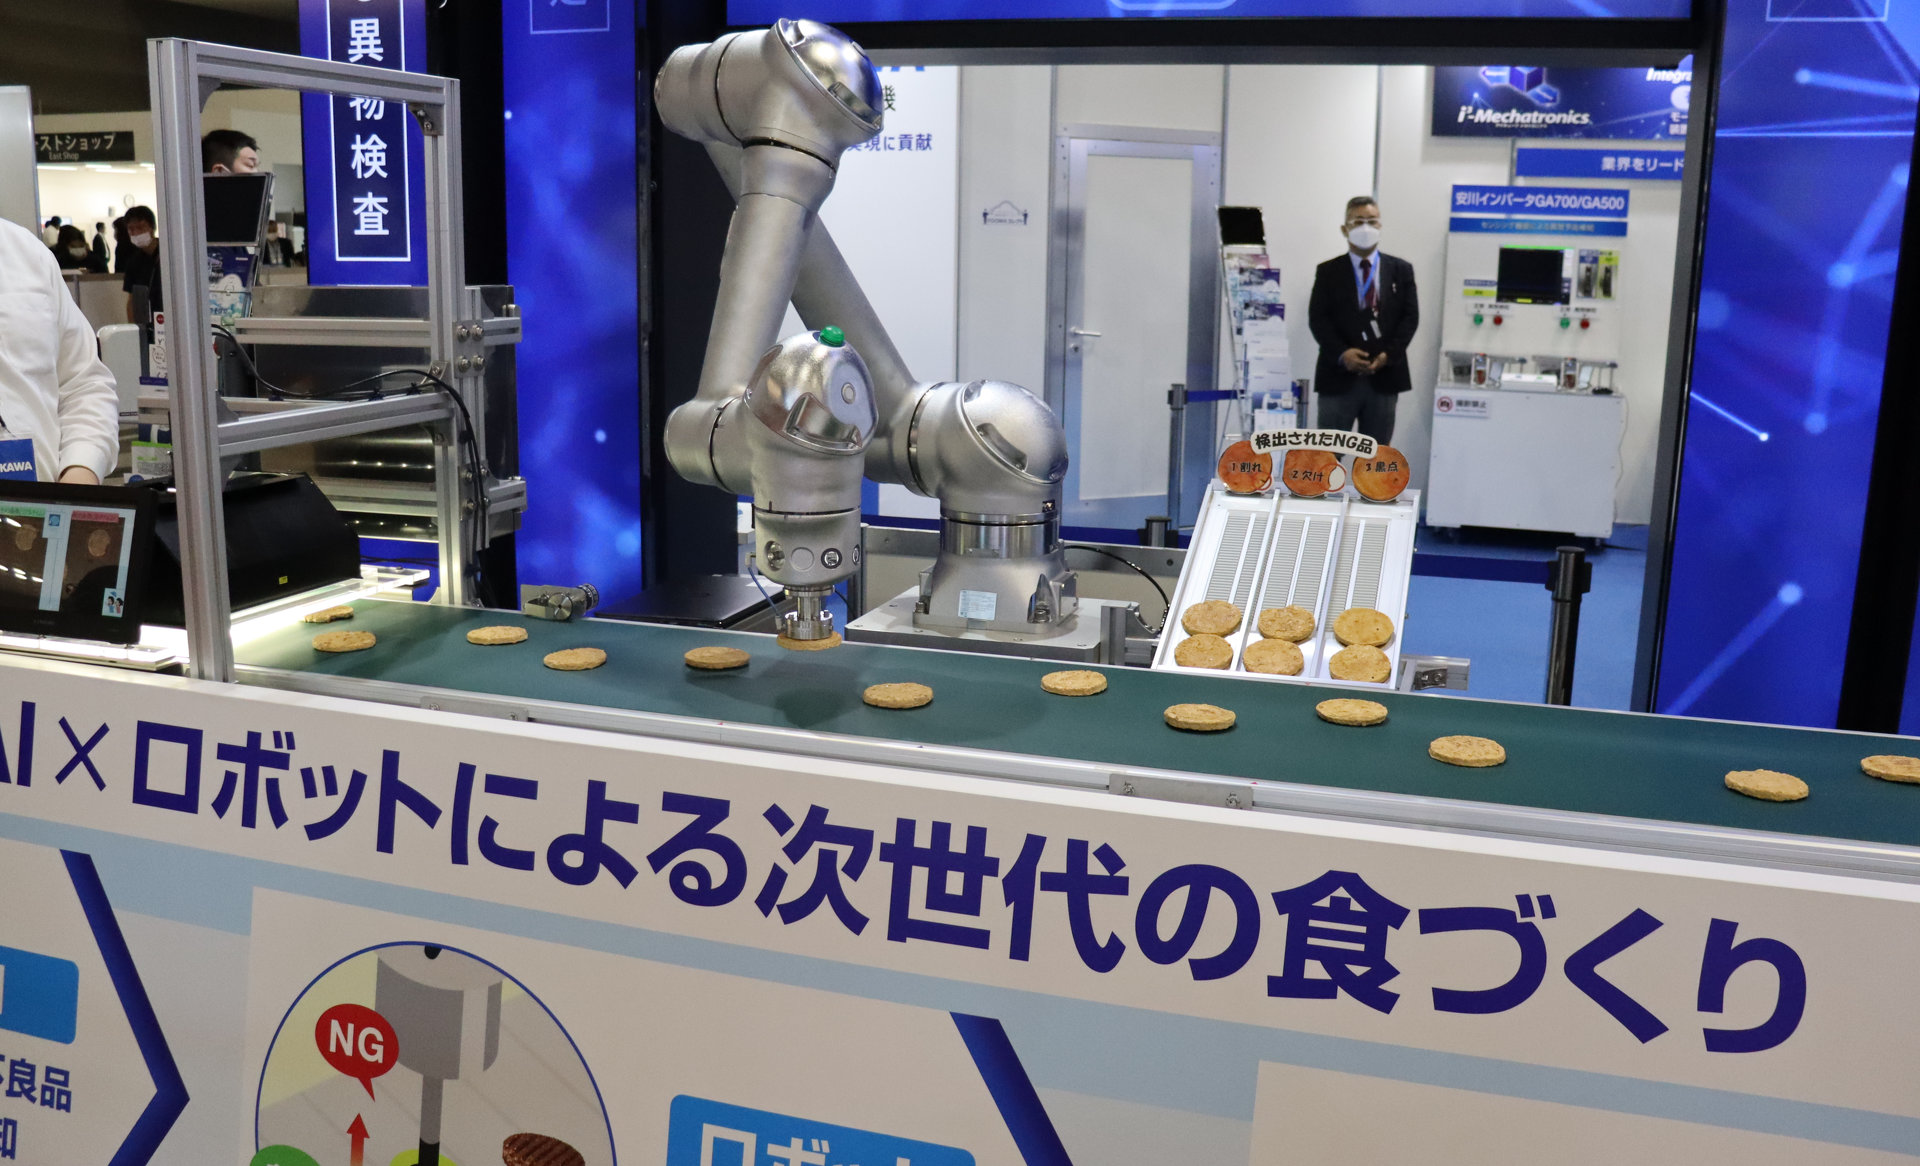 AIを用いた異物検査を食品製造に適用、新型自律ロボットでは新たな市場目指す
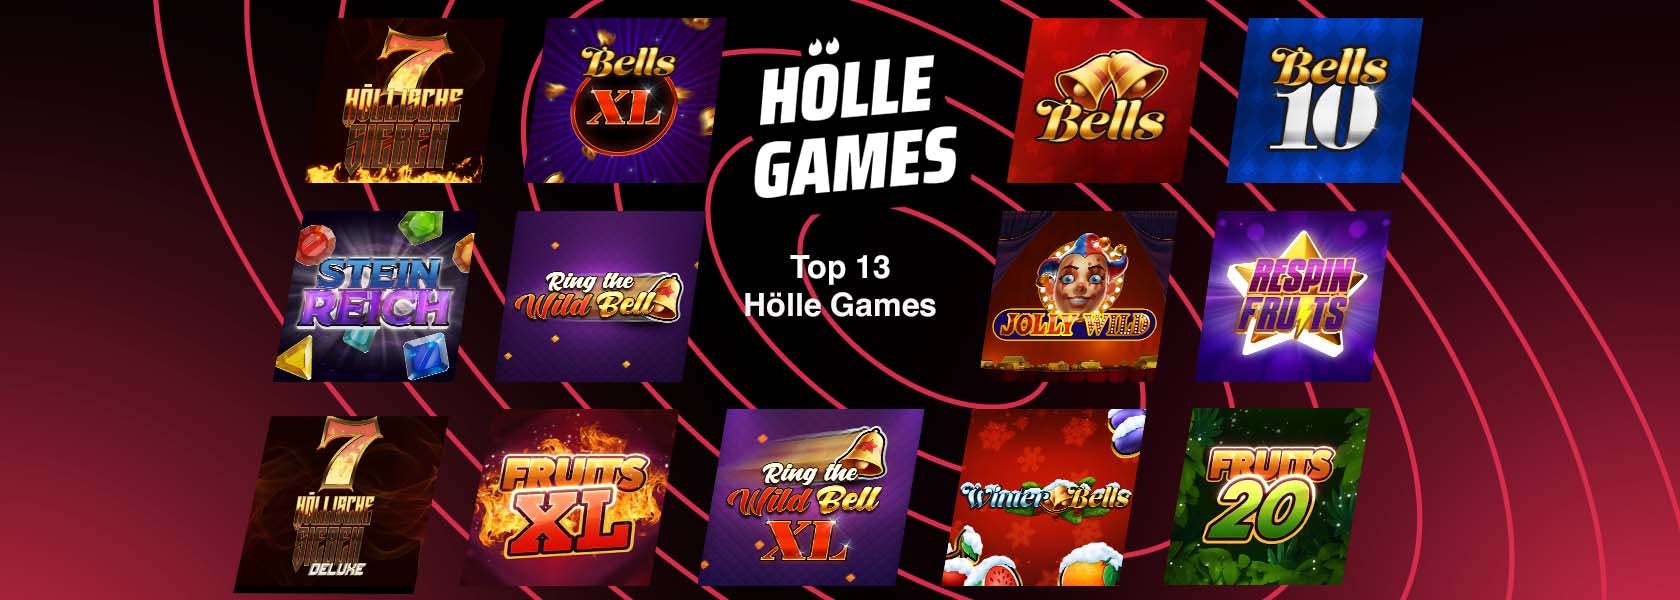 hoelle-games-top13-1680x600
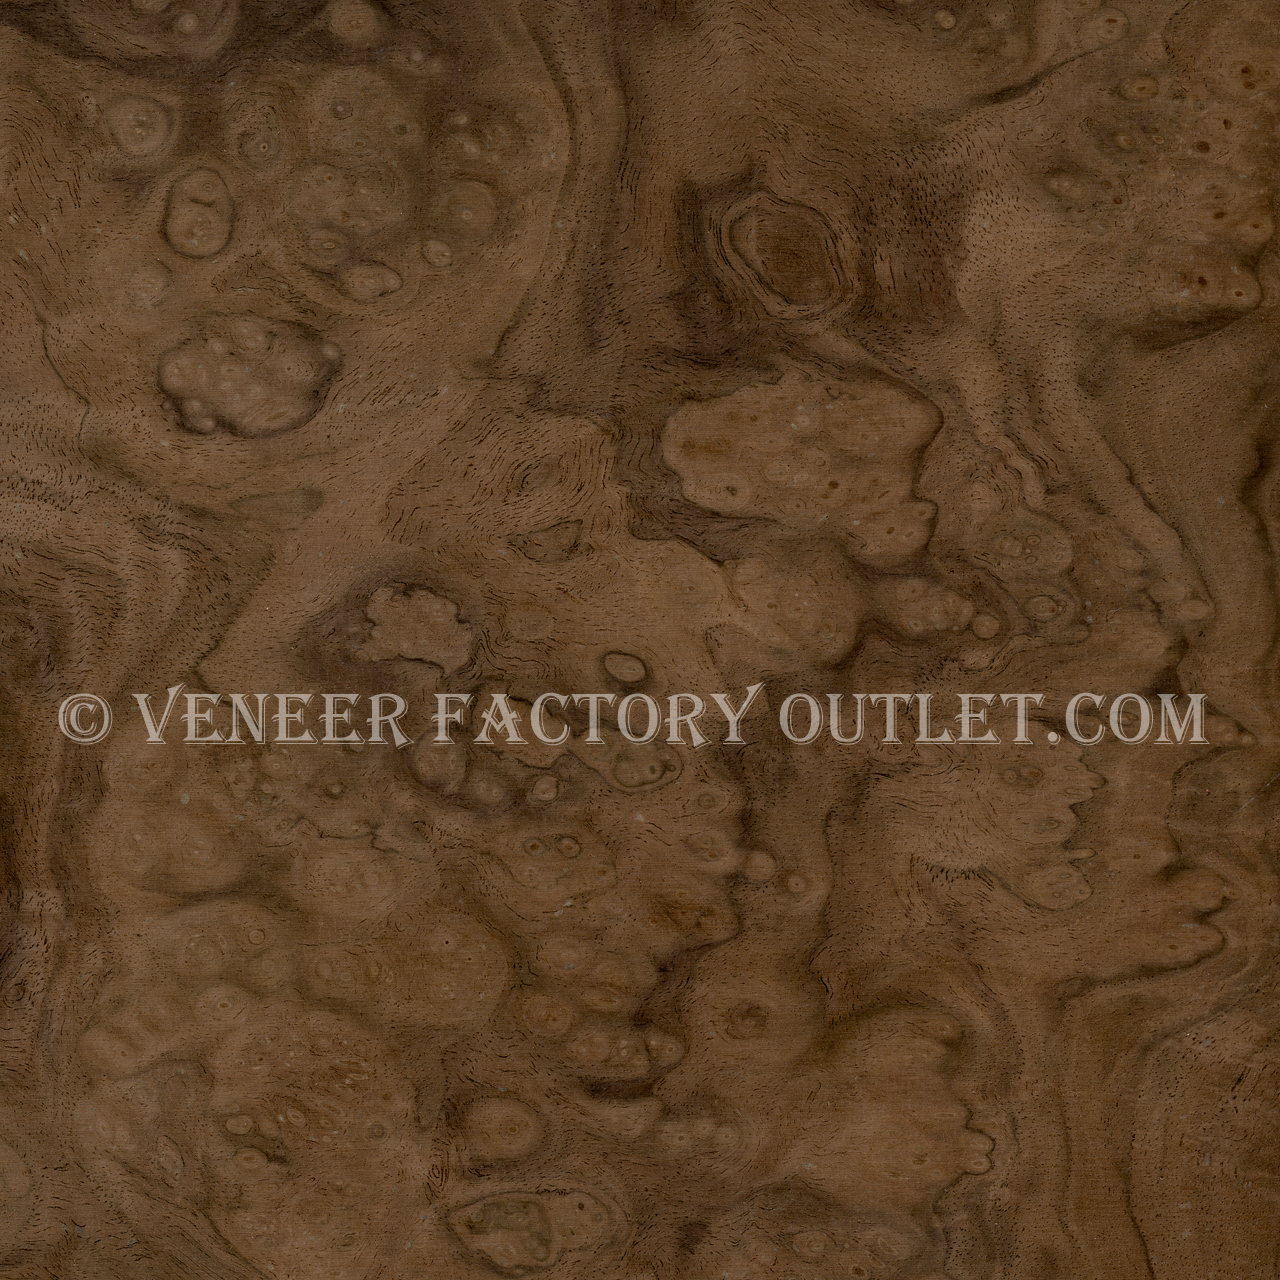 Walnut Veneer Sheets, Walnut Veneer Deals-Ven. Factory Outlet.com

_ _ _ _ _

Restate the data above word for word. Skip every picture.

## Solution
 AIを用いた異物検査を食品製造に適用、新型自律ロボットでは新たな市場目指す
 hoelle-games-top13-1680x600
 Walnut Veneer Sheets, Walnut Veneer Deals-Ven. Factory Outlet.com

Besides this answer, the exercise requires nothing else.